In fact, the conversion degree (α) of energetic materials from the beginning decomposition to explosion in the adiabatic condition is very small, and it is very difficult to obtain the most probable kinetic model function f(α). So, we separately used Power-low model, Reaction-order model, Avrami-Erofeev model and the above obtained kinetic model function to estimate the adiabatic time-to-explosion and supposed different rate orders (n)^{[23, 29]}. The calculation results are listed in Table 2.

The calculated result indicates that there are some deviations, and the decomposition model has big influence on the estimate of adiabatic time-to-explosion. From the whole estimated result, the adiabatic time-to-explosion of ANQ should be about 60 s. Though the decomposition of ANQ is very intense, certain time of heat accumulation from the beginning decomposition to thermal explosion is necessary, which can be certified by DSC curve of low heating rate. The time also indicates that ANQ has good thermal stability.

4 Conclusions

(1) The thermal behavior of ANQ can be divided into two coterminous intense exothermic decomposition processes.

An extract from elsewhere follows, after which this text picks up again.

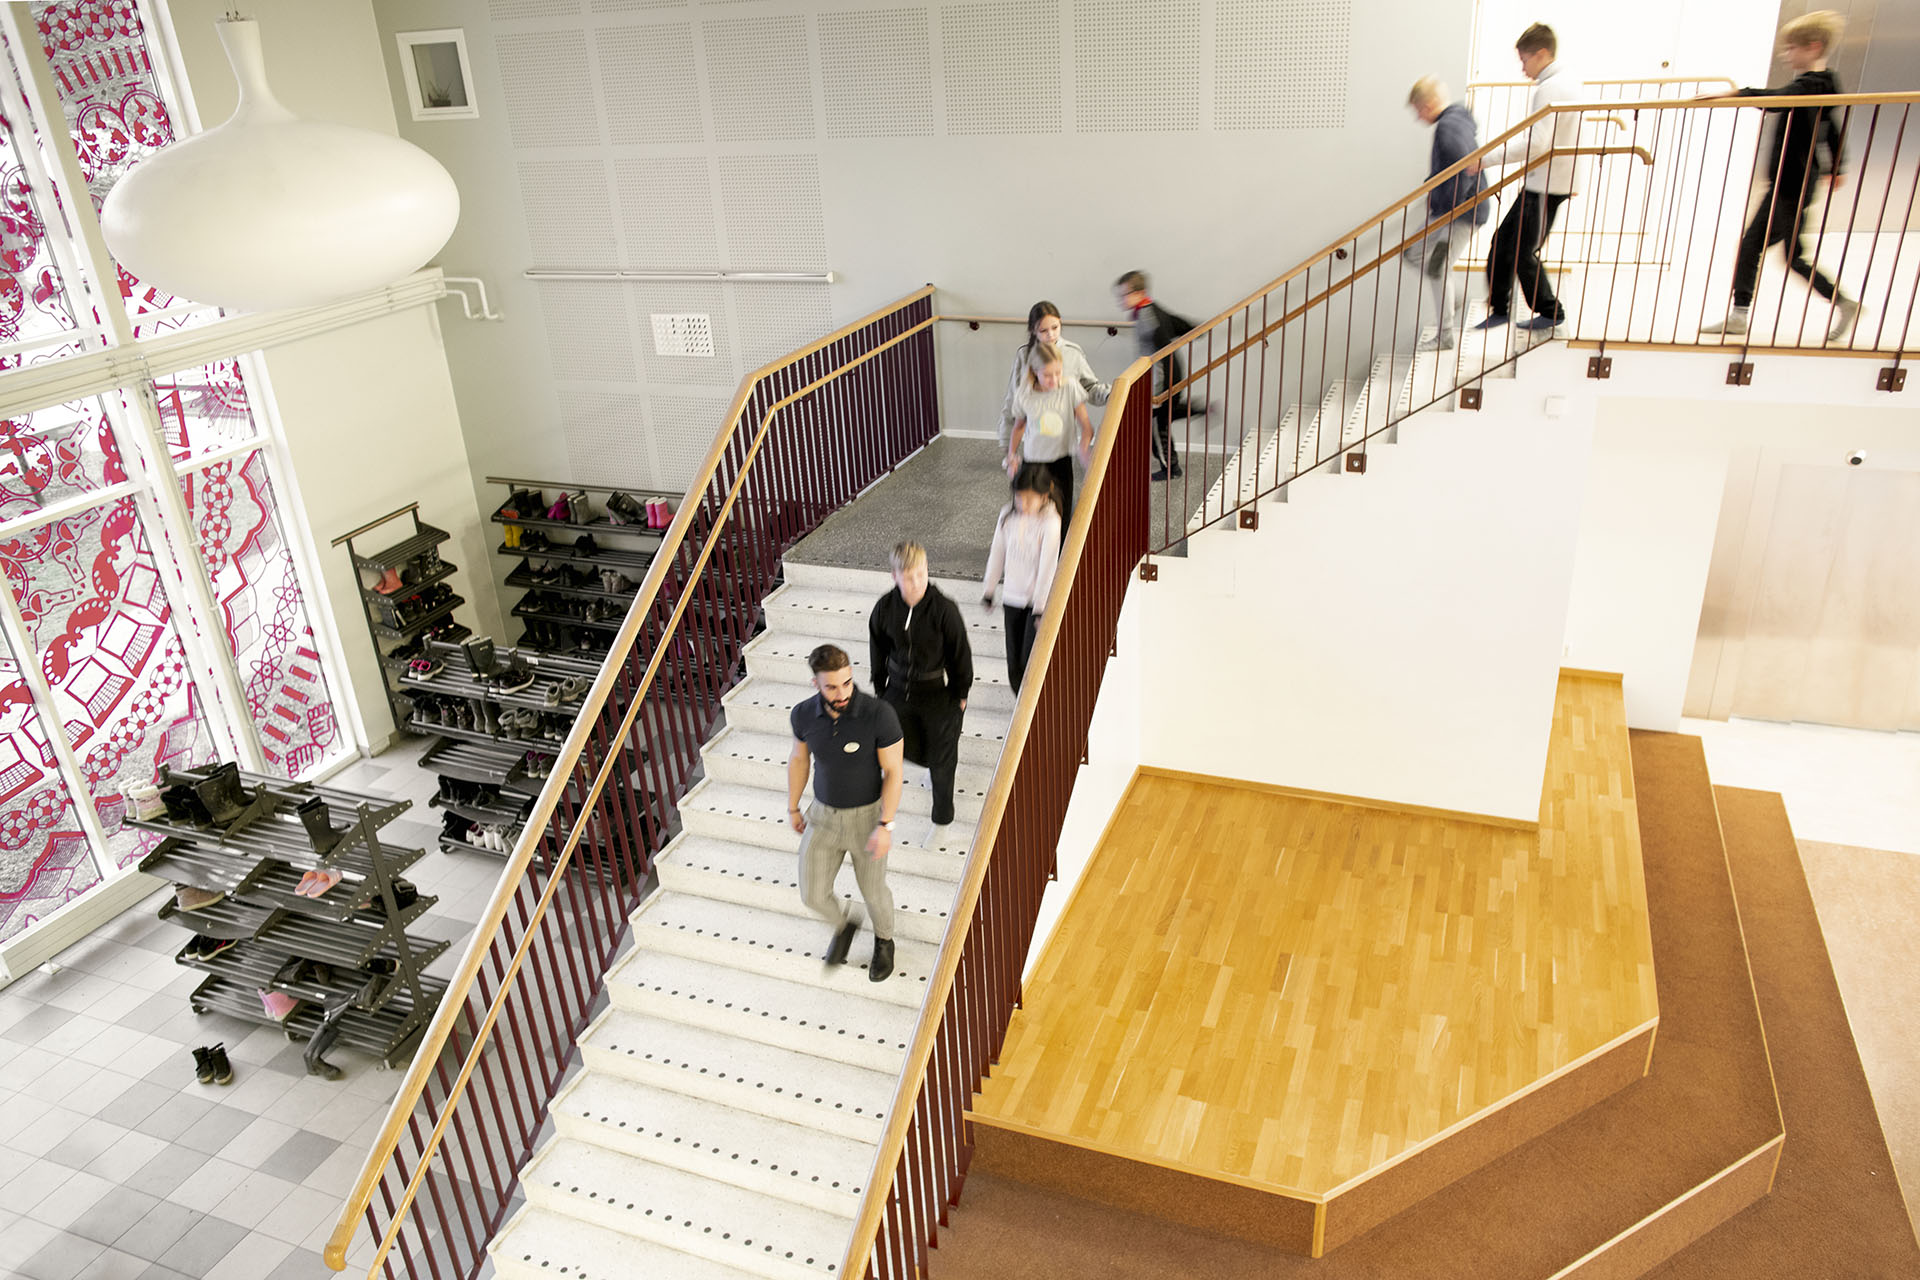 Oppilaat kävelevät koulun portaita yläkerrasta alakerran aulaan. Akustointi takaa miellyttävän sisäilmaston.

The peak temperatures of the two decomposition processes at the heating rate of 5 ℃·min^-1 are 192.5 and 196.2 ℃, and the whole decomposition enthalpy is -2075 J·g^-1. The self-accelerating decomposition temperature and critical temperature of thermal explosion are 184.5 ℃and 192.7 ℃, respectively.

(2) Specific heat capacity equation of ANQ is c_p(J·g^-1·K^-1)=0.3628+2.8810×10^-3T (283.0 K < T < 353.0 K), and the molar heat capacity is 145.5 J·mol^-1·K^-1 at 298.15 K. Adiabatic time-to-explosion of ANQ is about 60 s. The thermal stability of ANQ is good.